At the same time, the series has been condemned for its portrayal of male narcissism. The Atlantic said that the films speak to "the male fantasy of a world of female yearnings, which revolve around men and the goods men are best equipped to deliver, whether materially or bodily. It betrays a twisted male narcissism and a male desire for patriarchal power and control over female bodies and emotions misconstrued as female longing; which is symptomatic of a society where the choices for women are severely limited."

===Content===
In spite of negative reviews, the series has garnered praises for its glossy cinematography and production value.

===Performance===
The film has been criticized for the acting ability of the cast. Lead actress Yang Mi has been nominated thrice (and won for all three times) at the Golden Broom Awards as the "Most Disappointing Actress" for her performance in Tiny Times franchise.

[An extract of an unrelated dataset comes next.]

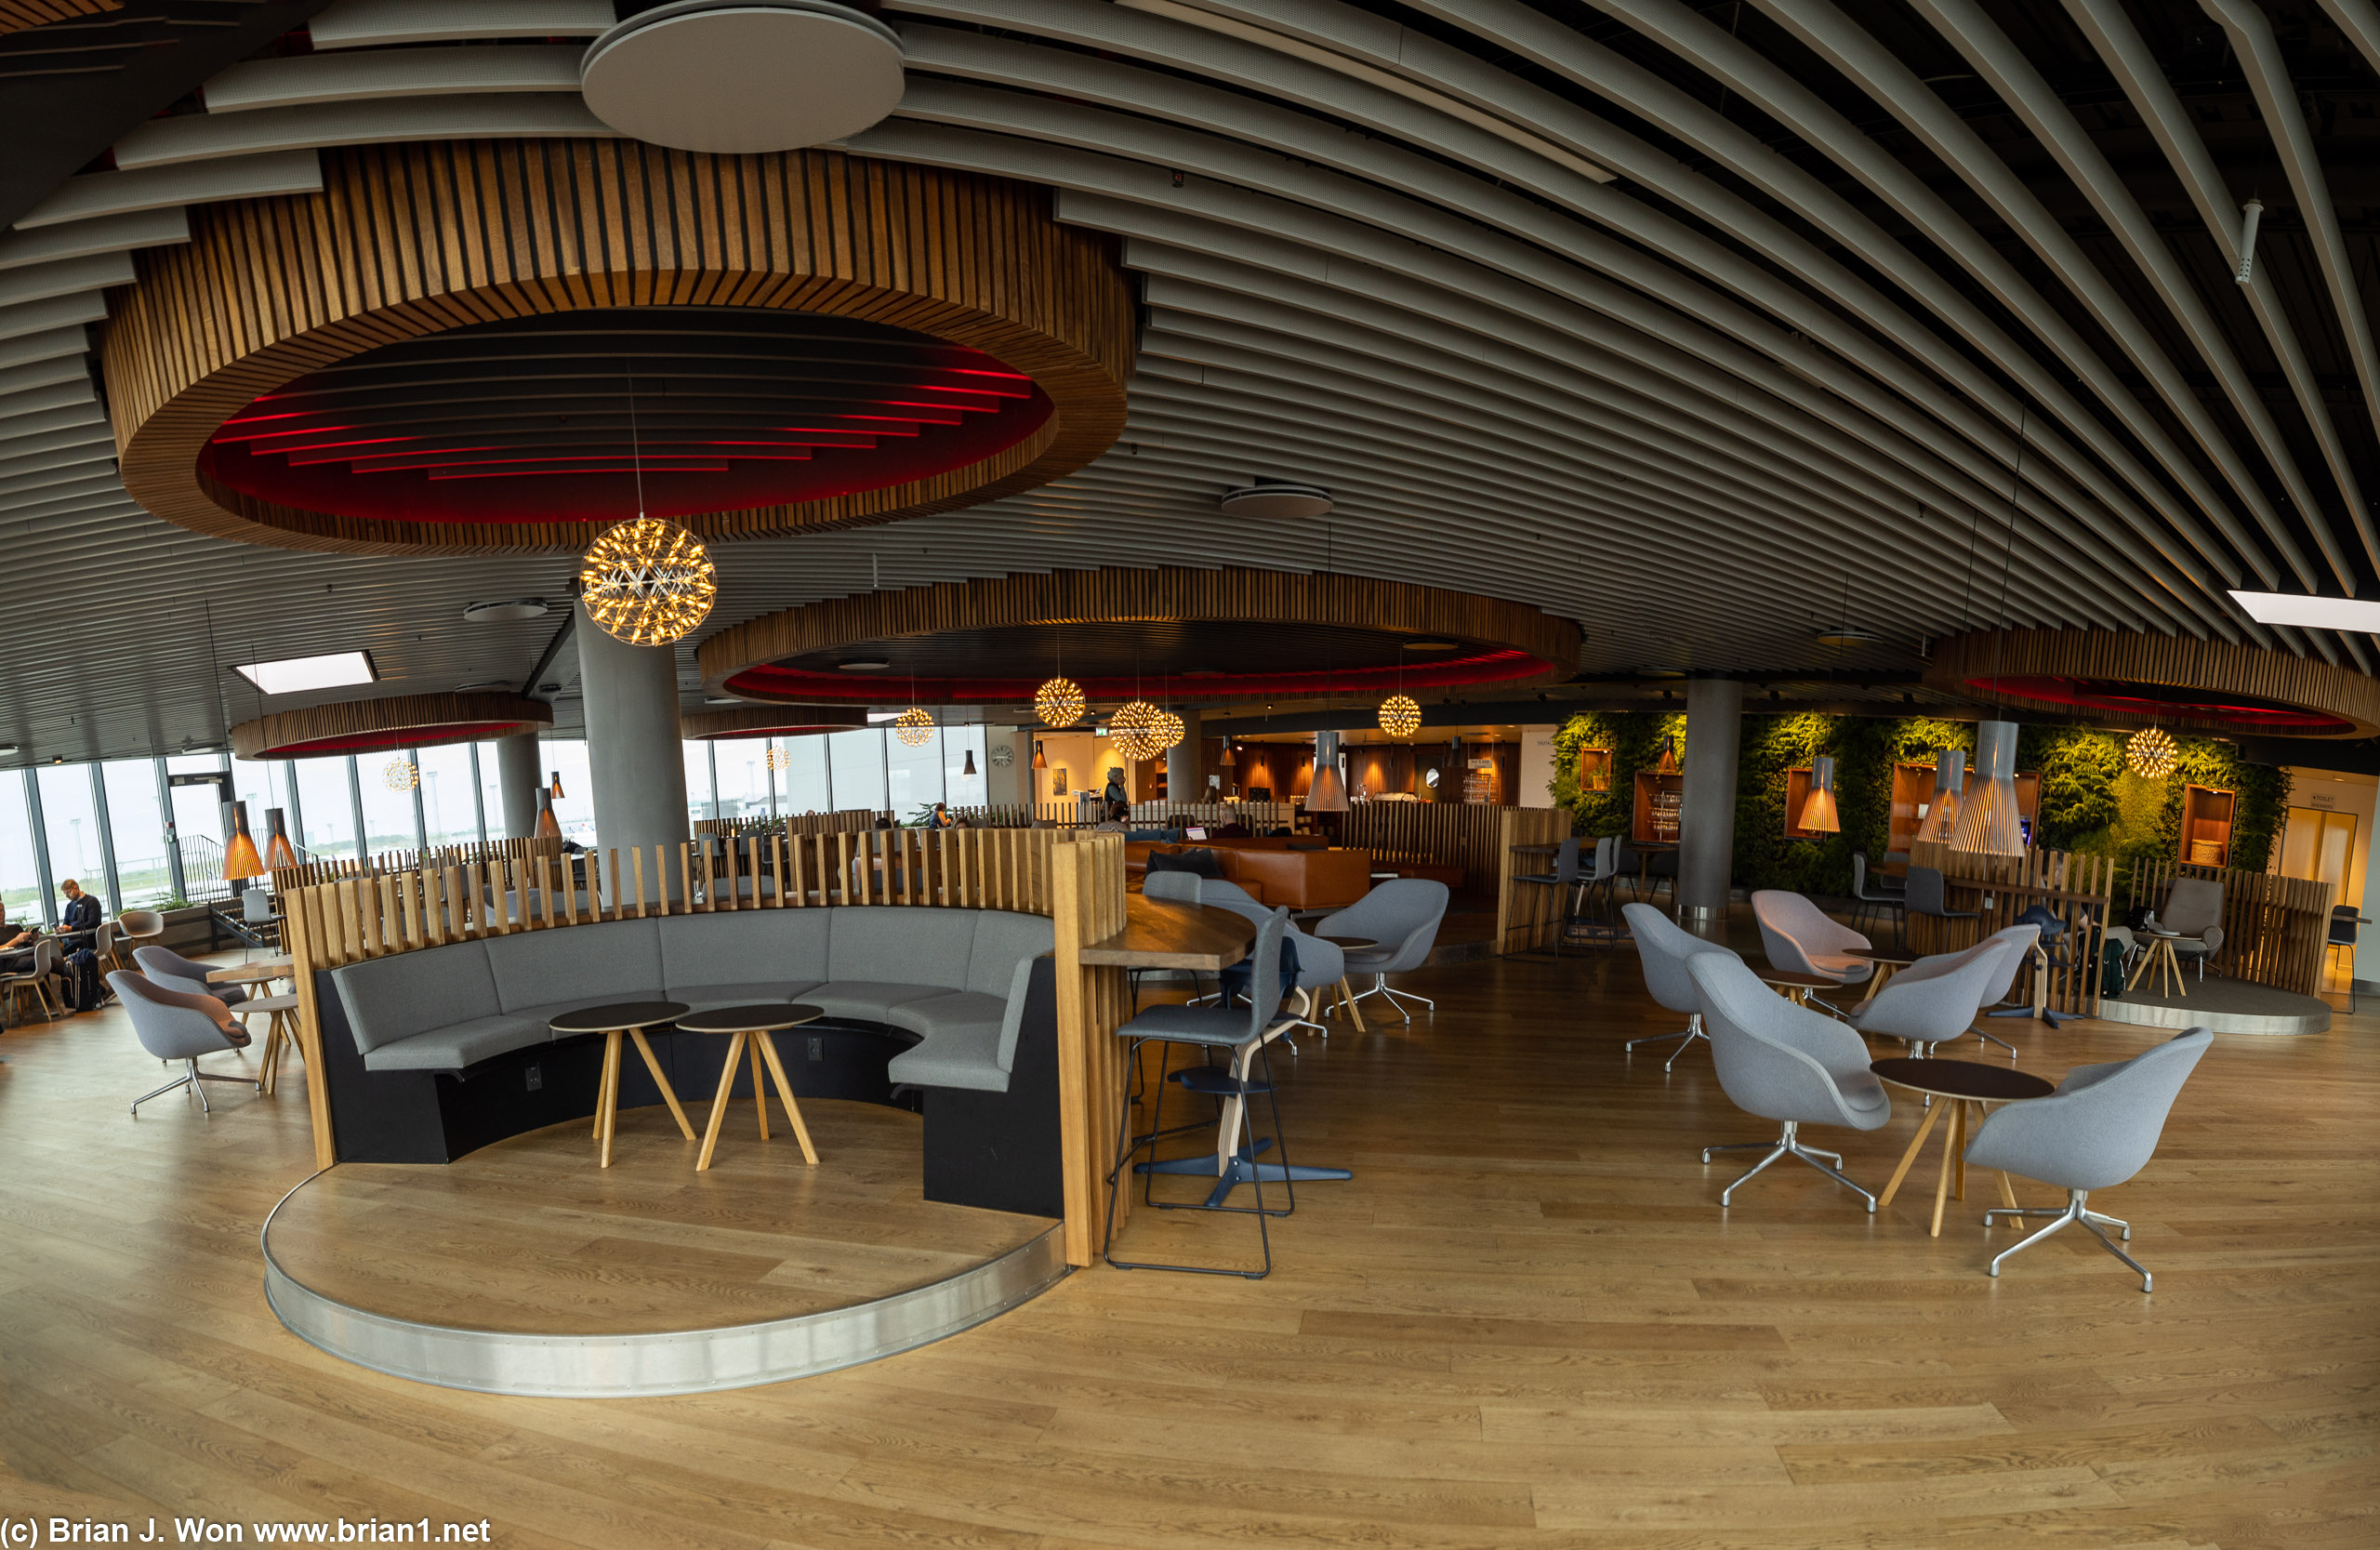 Eventyr Lounge is one of the only non-Schengen gate options at CPH.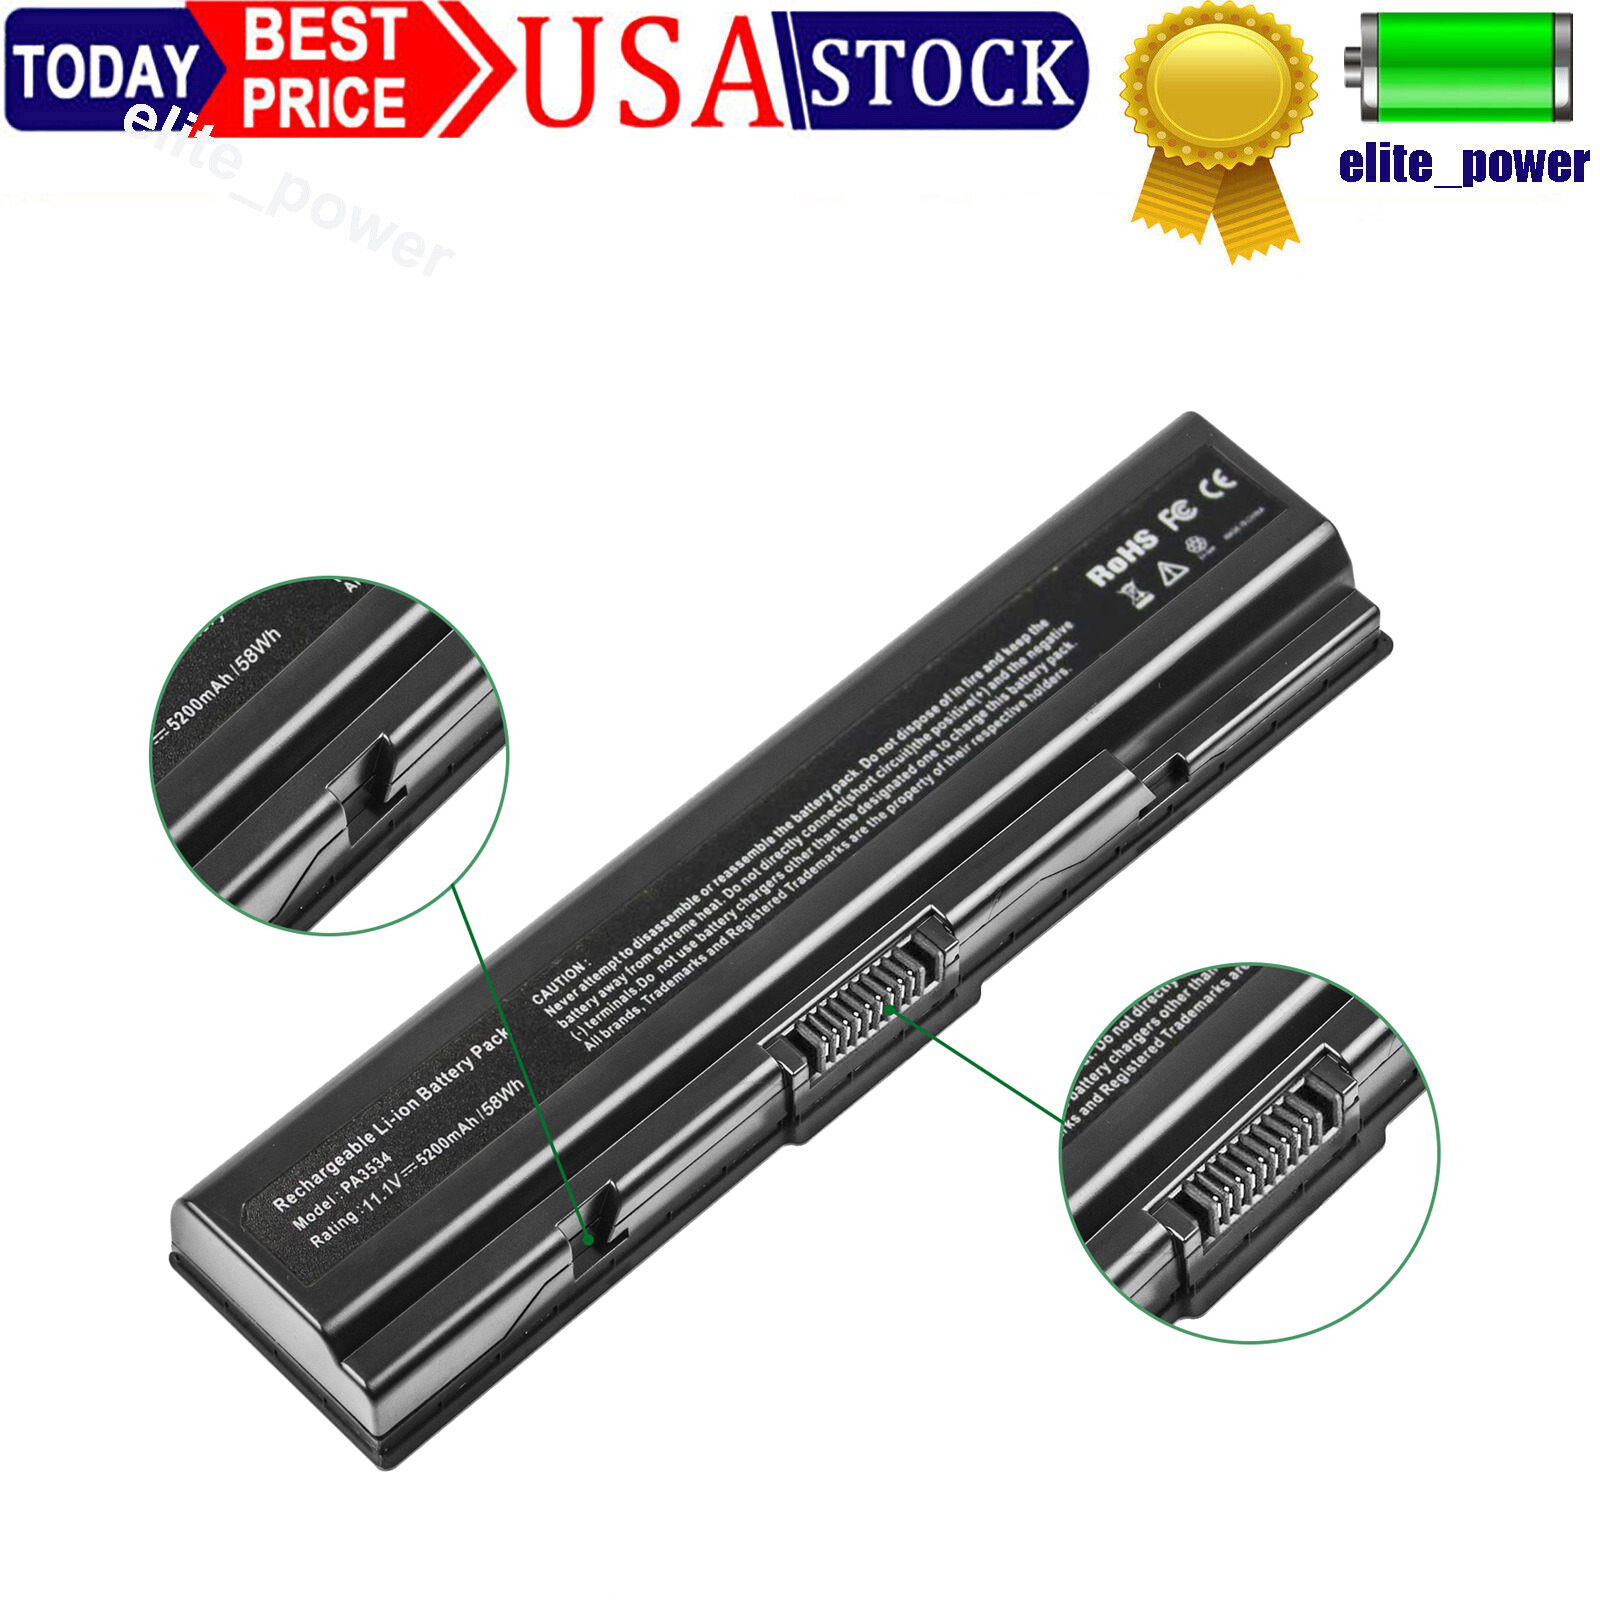 Spare Battery for Toshiba Satellite A200 A205 A210 A300 A355 A500 A505 L300 M200

==Reflection on China's societal trends==
Demographic changes in China has led to the production of similar teen films. Stephen Cremin of Film Business Asia said it is “the first high-profile film to appeal primarily to the generation born in the 1990s who’ve become the main moviegoing audience in China”. Cremin compares the controversy to the first opening of McDonald's in China, which faced opposition from the older generation but was soon assimilated into China's ever-changing film landscape.

==Commercial success==
Despite its negative reviews and criticism, the film has enjoyed commercial success. The first installment of the film breaks the opening-day box office record for a Chinese-language 2D release.

This is credited to its strong teenage and young adult fanbase, who are lured by the film's attractive stars and glamorous Shanghai setting. The People's Daily was critical of the film and said Guo had "cleverly gotten hold of his own target audience -- the vast teenage demographic." Research conducted by the producers enables Guo to make commercial films that successfully cater to the new generation of young Chinese, who have Western-style values.